4

I want to write a library with an interface that provide a read function. C-style array is error prone but allow to pass a buffer of any size. C++ array are safer but impose to be constructed with a size.

// interface.h

// C-style array
int read (std::uint8_t* buf, size_t len);

// C++ array
int read (std::array<std::uint8_t, 16>& buff)

How can I have the best of both worlds?

I was thinking about function template but it does not seems practical for a library interface.

template <size_t N>
int read (std::array<std::uint8_t, N>& buf);

EDIT std::vector could be a good candidate but if we consider that char* and std::array do not have dynamic allocation.

EDIT I like a lot the solution with gsl::span. I am stuck with C++14 so no std::span. I don't know if using a third library (gsl) will be an issue/allow.

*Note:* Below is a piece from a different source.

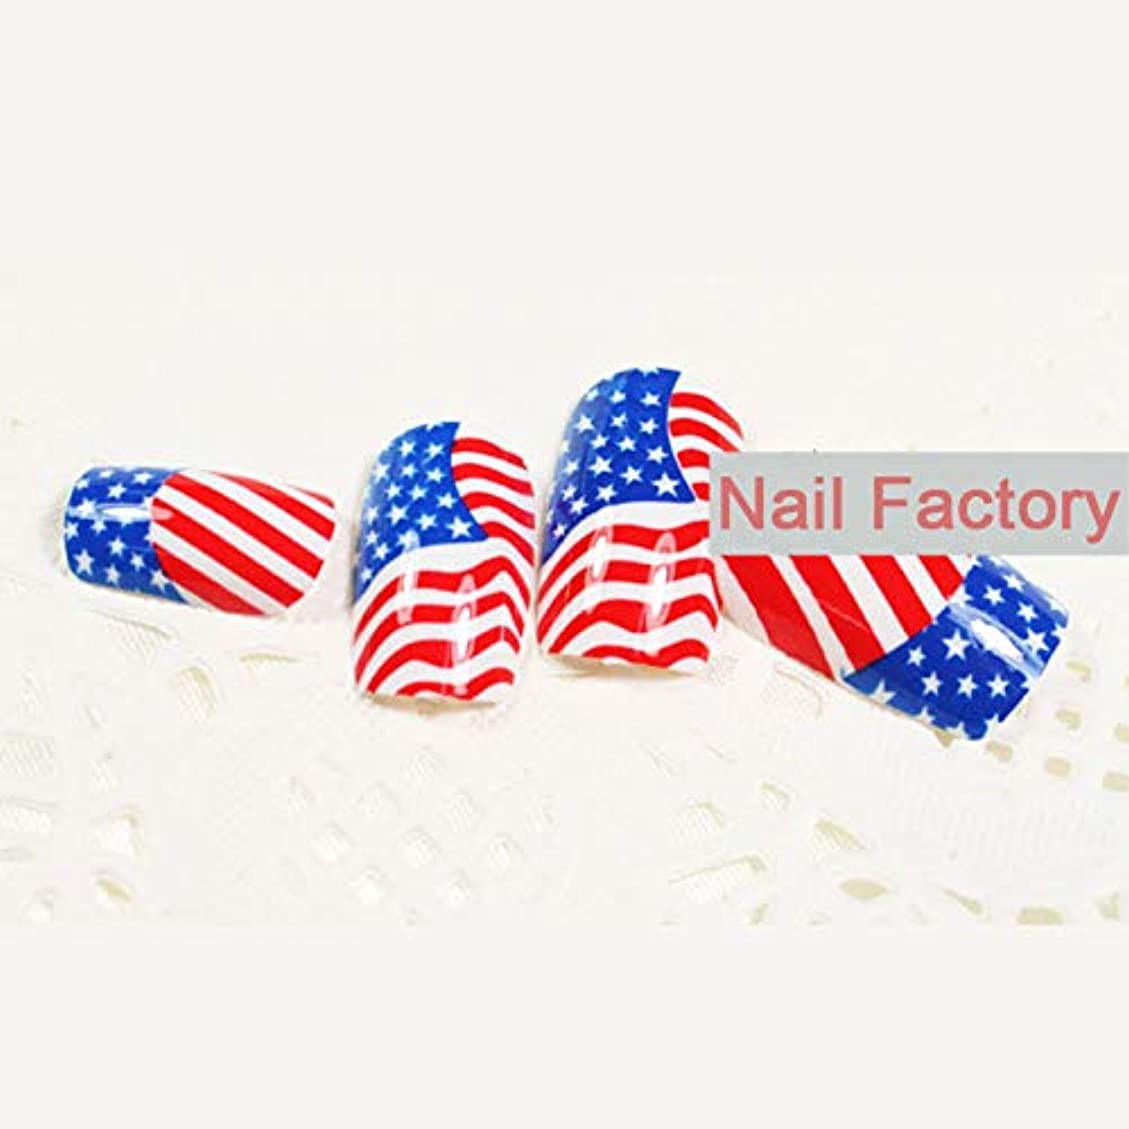 オピエート式微視的ネイルのヒント24個/セットアメリカ国旗デザイン偽の釘アクリルネイルアートと接着剤美容ファッションアメリカの国旗

EDIT I did not think that using char over another type could have some influence on the answer, so to be clearer it is to manipulate bytes. I change char to std::uint8_t

EDIT Since C++11 guarantee that a return std::vector will moved and not copied, returning std::vector<std::uint8_t> is acceptable.

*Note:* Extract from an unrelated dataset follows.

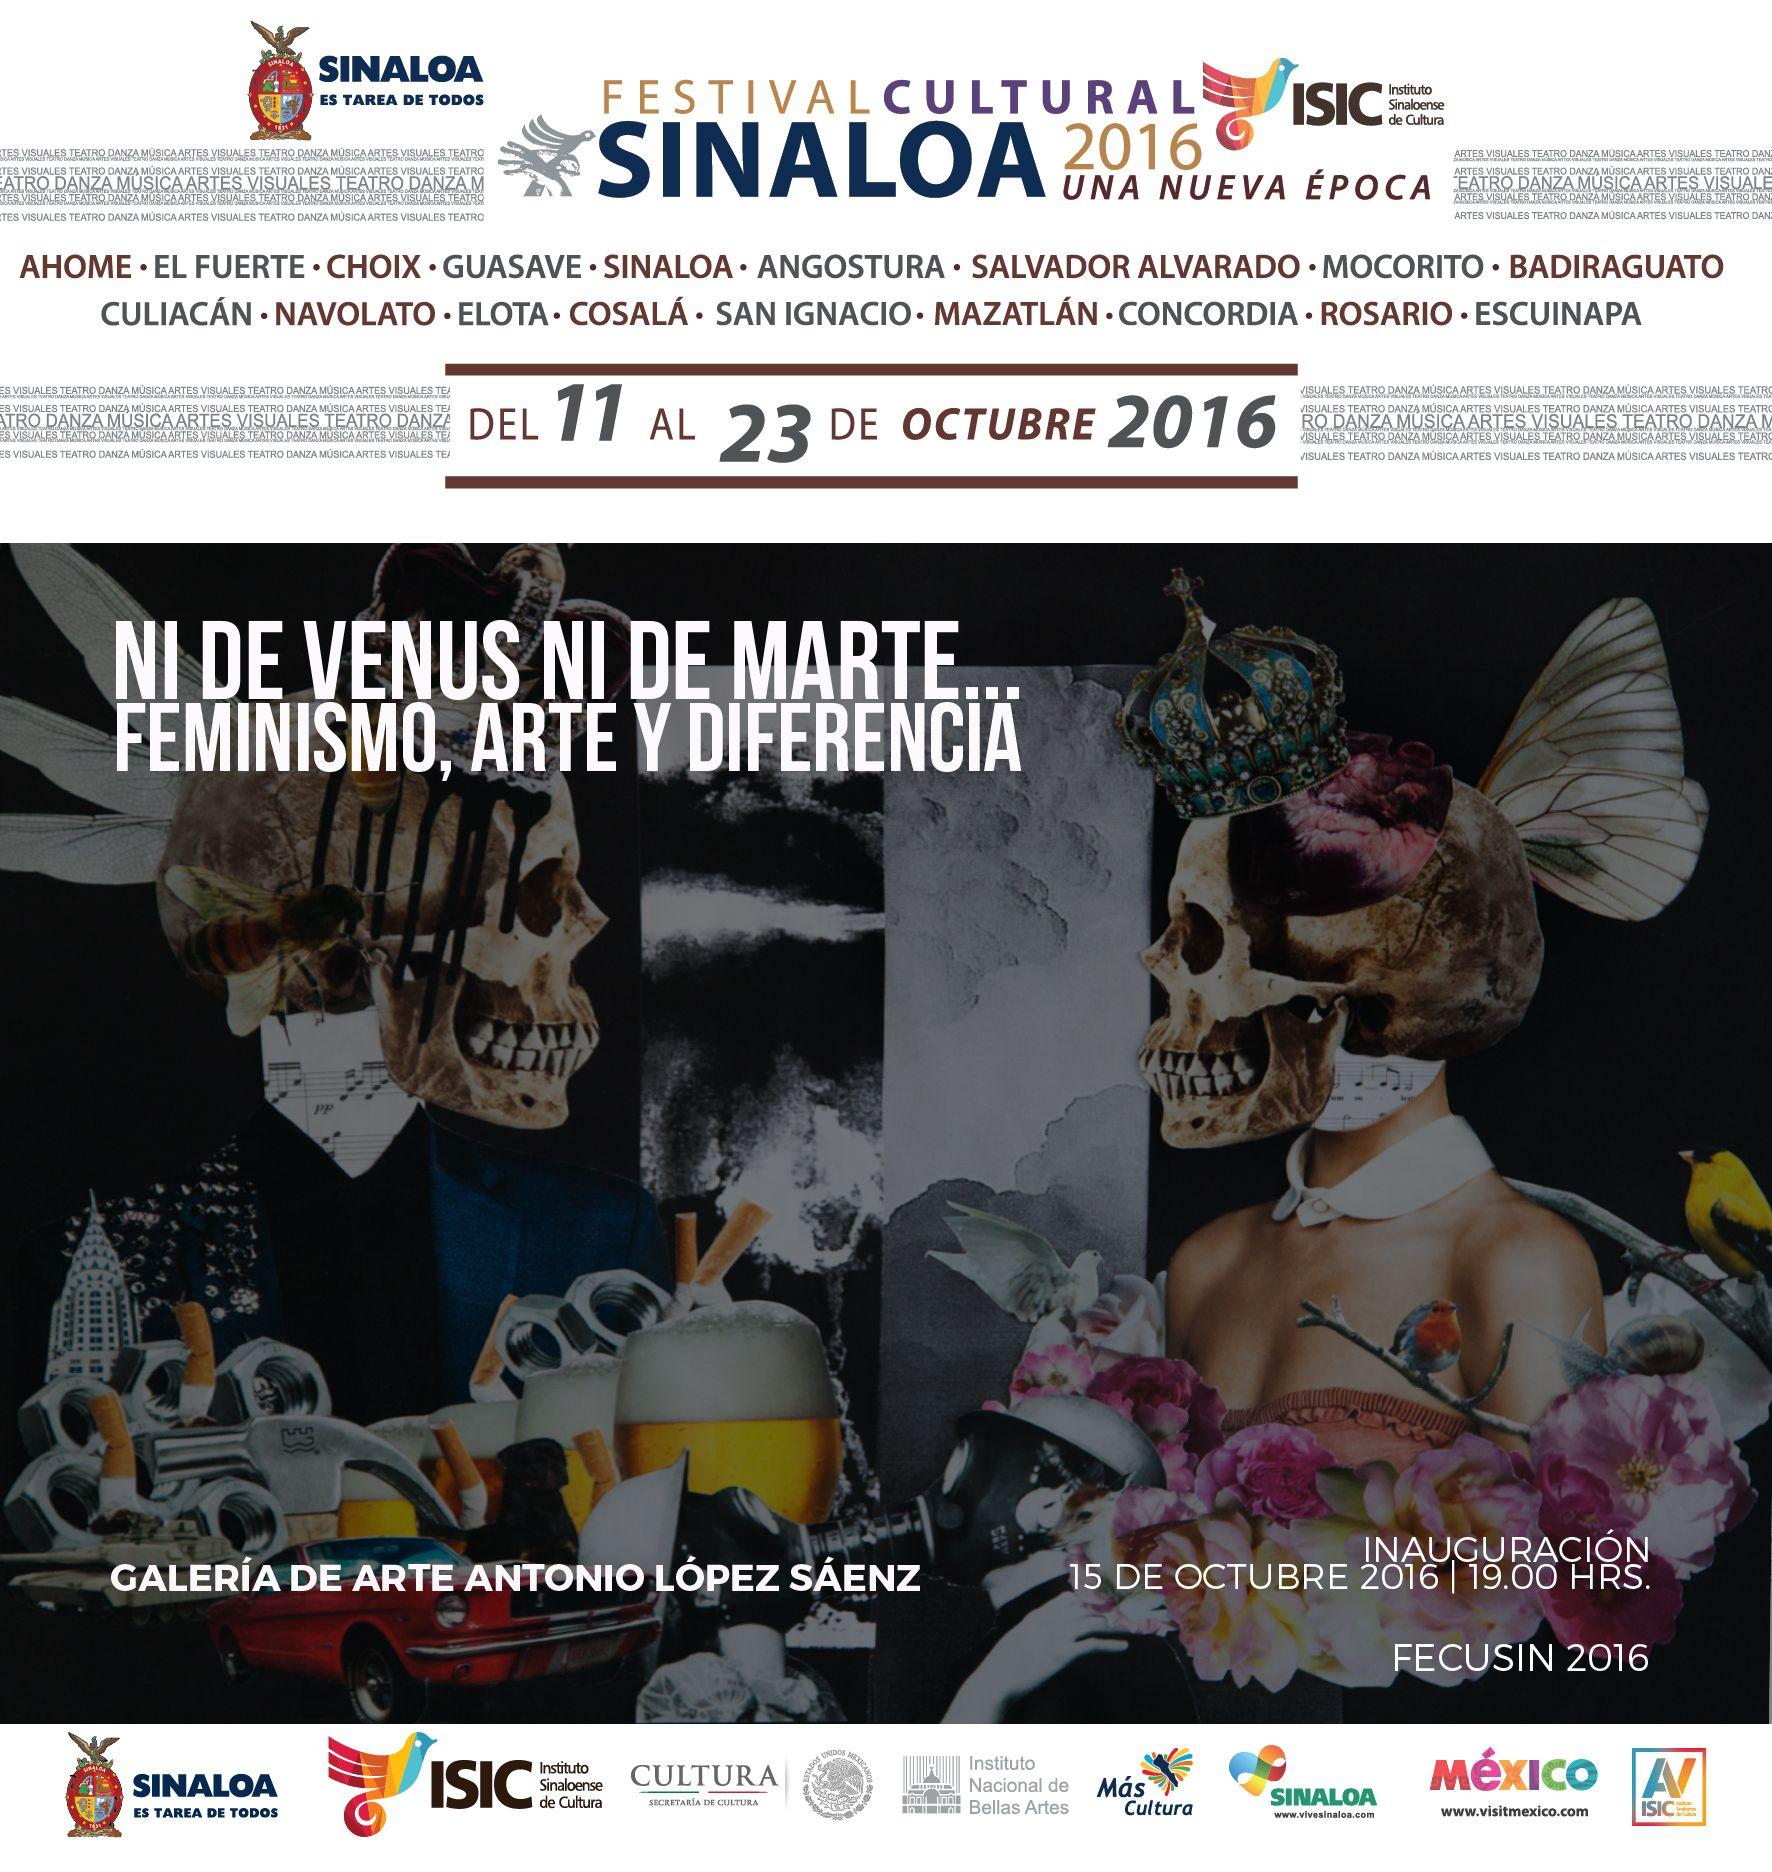 Inauguración de la exposición Ni de venus ni de marte... Feminismo, Arte y diferencia. Galería Antonio López Saenz #GAALS. 15 de octubre de 2016, 19:00 hrs. Entrada libre.

std::vector<std::uint8_t> read();
nbout
  • 1,159
  • 8
  • 12
  • 5
    Use `std::vector`? – Ron Feb 16 '18 at 15:15
  • If `N` would be a compile time constant, and you don't care about publishing the implementation of `read`, and you don't need your API to be C compatible, then there's nothing wrong with the templated version. – François Andrieux Feb 16 '18 at 15:16
  • 5
    How about [`gsl::span`](https://stackoverflow.com/q/45723819/2486888)? –  Feb 16 '18 at 15:16
  • It's hard to say with the limited information on what you're doing, but you might consider iterator-based interface that doesn't require a specific container. – Fred Larson Feb 16 '18 at 15:19
  • `std::vector` has dynamic allocation but `char*` or `std::array` don't. – nbout Feb 16 '18 at 15:19
  • The `C-Style` array (`char *`) would allow for dynamic allocation.. they just need to pass in the size. The `std::array` would be fixed size only. With the `C-Style` array, you get the best of both worlds but also the danger of a bad developer.. The developer using your library would be able to choose whether or not they want their own memory dynamically allocated or static. With `std::array`, they don't have a choice. With `std::vector` it will always be dynamic, but you'd get the safety of `std::array`. I personally prefer `C-Style` array. Let the developer worry about their own safety. – Brandon Feb 16 '18 at 15:21
  • @boutboutnico how would you know whether the `char*` points to dynamic memory? – Quentin Feb 16 '18 at 15:22
  • @Quentin Well you cannot know but you can have static allocation – nbout Feb 16 '18 at 15:25
  • @NickyC `gsl::span` is a nice thing, but I would be very careful making my library dependent on GSL just because of this issue. Hopefully, once there will be `std::span`... – Daniel Langr Feb 16 '18 at 15:34
  • Is the `char` intentional (indicating text), or do you really mean to write `std::byte` or `unsigned char` (indicating bytes)? – Cheers and hth. - Alf Feb 16 '18 at 15:47
  • The first version is fine and doesn't constraint you to a C array at all. – Lightness Races in Orbit Feb 16 '18 at 16:15
  • This question is too broad because you tell us too little about your library. Like, should it be compatible with C, is it used only in your own projects, should it be a DLL, and so on. Chances are that you can just use a templated function and that *"it does not seems practical for a library interface"* is just a wrong feeling. – Christian Hackl Feb 16 '18 at 16:23

8 Answers8

6

You could do what the standard library does: Use a pair of iterators.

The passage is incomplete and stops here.